When, after some excellent brandy, they had lit their pipes, Alleyn asked Te Pokiha if his practice was a general one.
“Oh, yes. When I first came back I had some idea of specialising in gynaecology, but I think it is the one branch of my profession in which my race would tell against me. And then, as I settled down, I began to see the terrible inroads made by civilisation in the health of my own people. Tuberculosis, syphilis, typhoid — none of them known in our savage days when ritual and health-giving dances, as well as strict hygienic habits, were enforced. So I came down to earth — brown earth — and decided that I would become a doctor to my own people.”
“I’m sure you do not regret your choice.”
“No. Though it is depressing to see how quickly a healthy race can degenerate. I am very busy — consulting-room hours in town, and a wide country beat. I am re-learning some of my own race history.”
And he related several stories about his Maori patients, telling them well, without too much emphasis. The time passed pleasantly in this fashion.
At last Alleyn put his hand in his pocket and pulled out the tiki. He put it on the arm of Te Pokiha’s chair.
“May we talk about the tiki?” he asked.
Te Pokiha looked at it with surprise.
“Does Miss Dacres not wish to accept it? Has she returned it to you?”
“No. I hope she will still accept it, though she may not wish to do so. At the moment it is by way of being used in evidence.”
“The tiki? What do you mean?”
“It was found in the gallery above the stage on the spot where the murderer must have stood.”
Te Pokiha gazed at him with something like horror in his eyes.
“That is — is most extraordinary. Do you know how it got there?”
“Yes. I believe I do.”
“I see.”
There was relief and something else — could it be disappointment? — in Te Pokiha’s voice. Then, suddenly, he leant forward:
“But it’s impossible — that lovely creature! No, there must be some mistake. I cannot believe it of her.”
“Of Miss Dacres? Why should you suspect Miss Dacres?”
“Why because I saw — but I do not suspect her.”

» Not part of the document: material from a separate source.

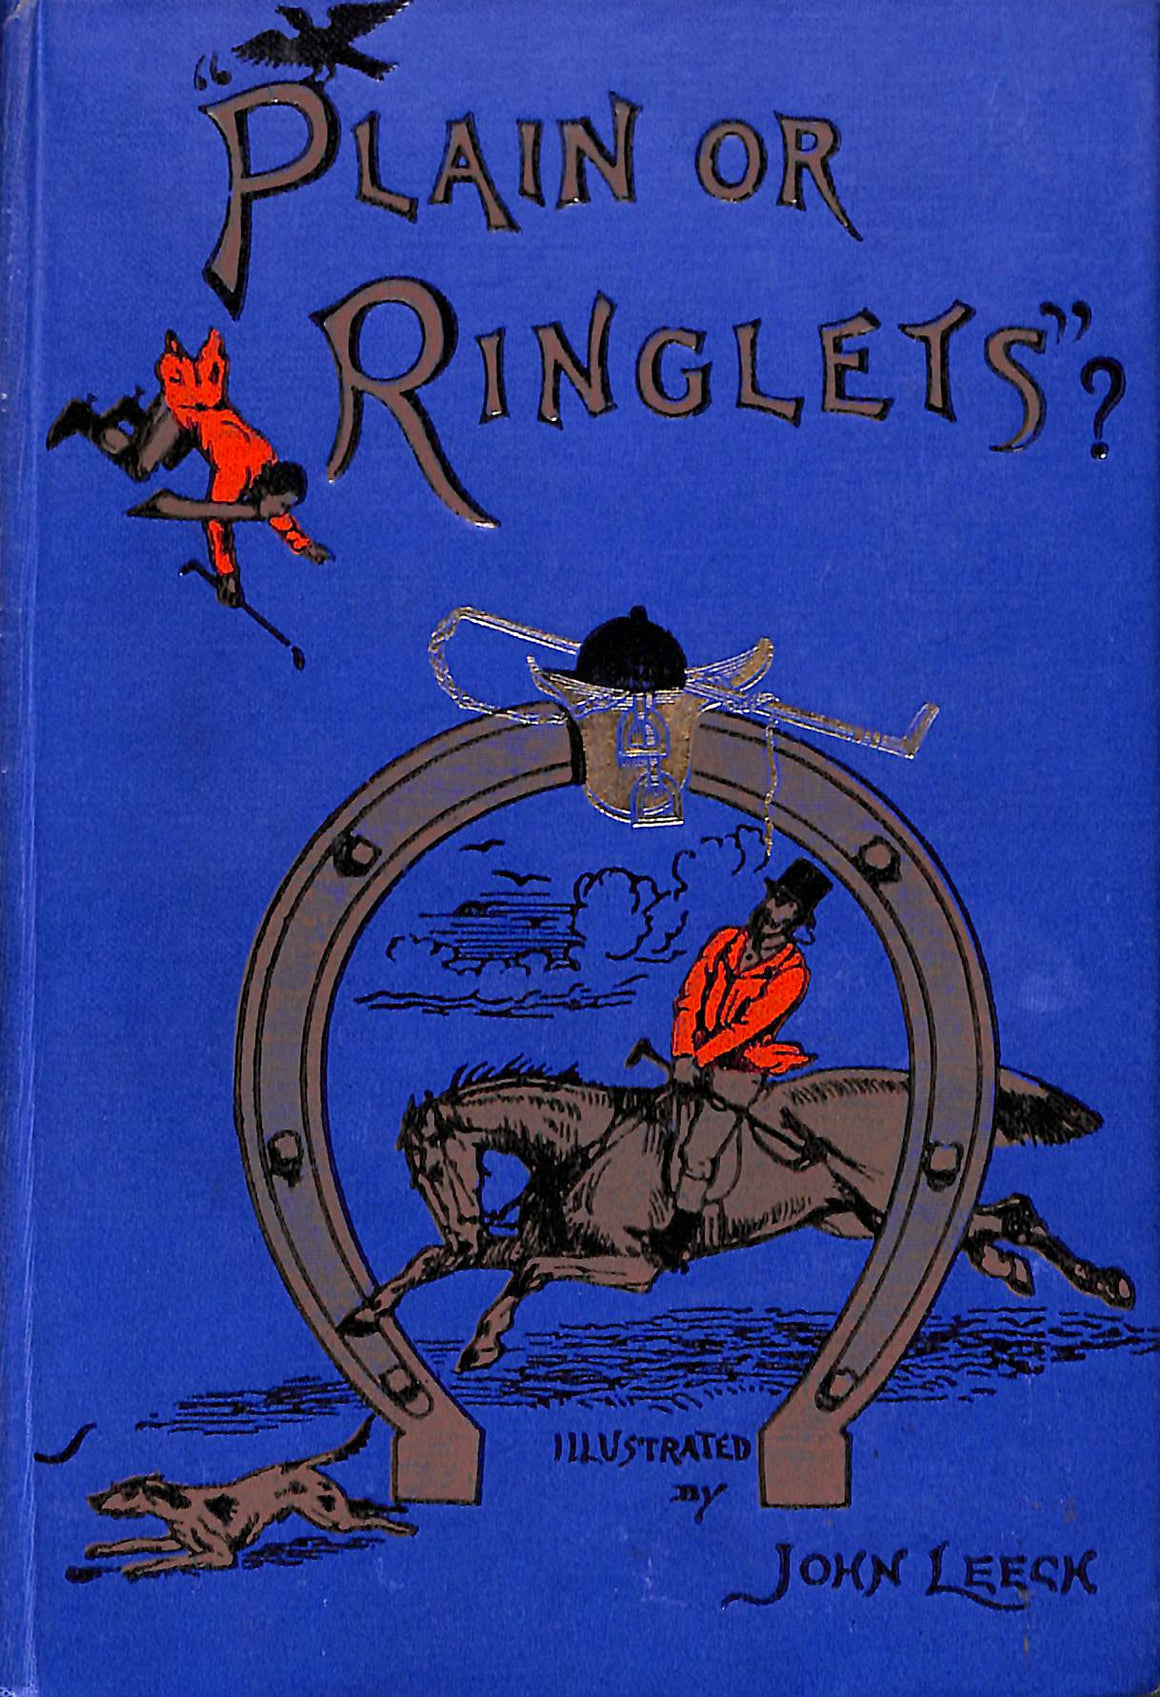 "Plain or Ringlets?"

“Because you saw her slip it into her dress?”
“There is something very strange in this,” said Te Pokiha, staring at the tiki. “May I ask one question, Mr. Alleyn. Do you suspect Miss Dacres of murder?”
“No. I believe her to be innocent.”
“Then how did the tiki get there?”
“I’ll tell you presently,” said Alleyn. “It was strange, wasn’t it? Almost as though the tiki itself had taken a hand, don’t you think?”
“You ask a leading question,” said Te Pokiha, smiling. He had regained his poise completely, it seemed. “Remember I am a materialistic general practitioner.”
“You are also a rangitira,” answered Alleyn. “What would your grandfather have thought?”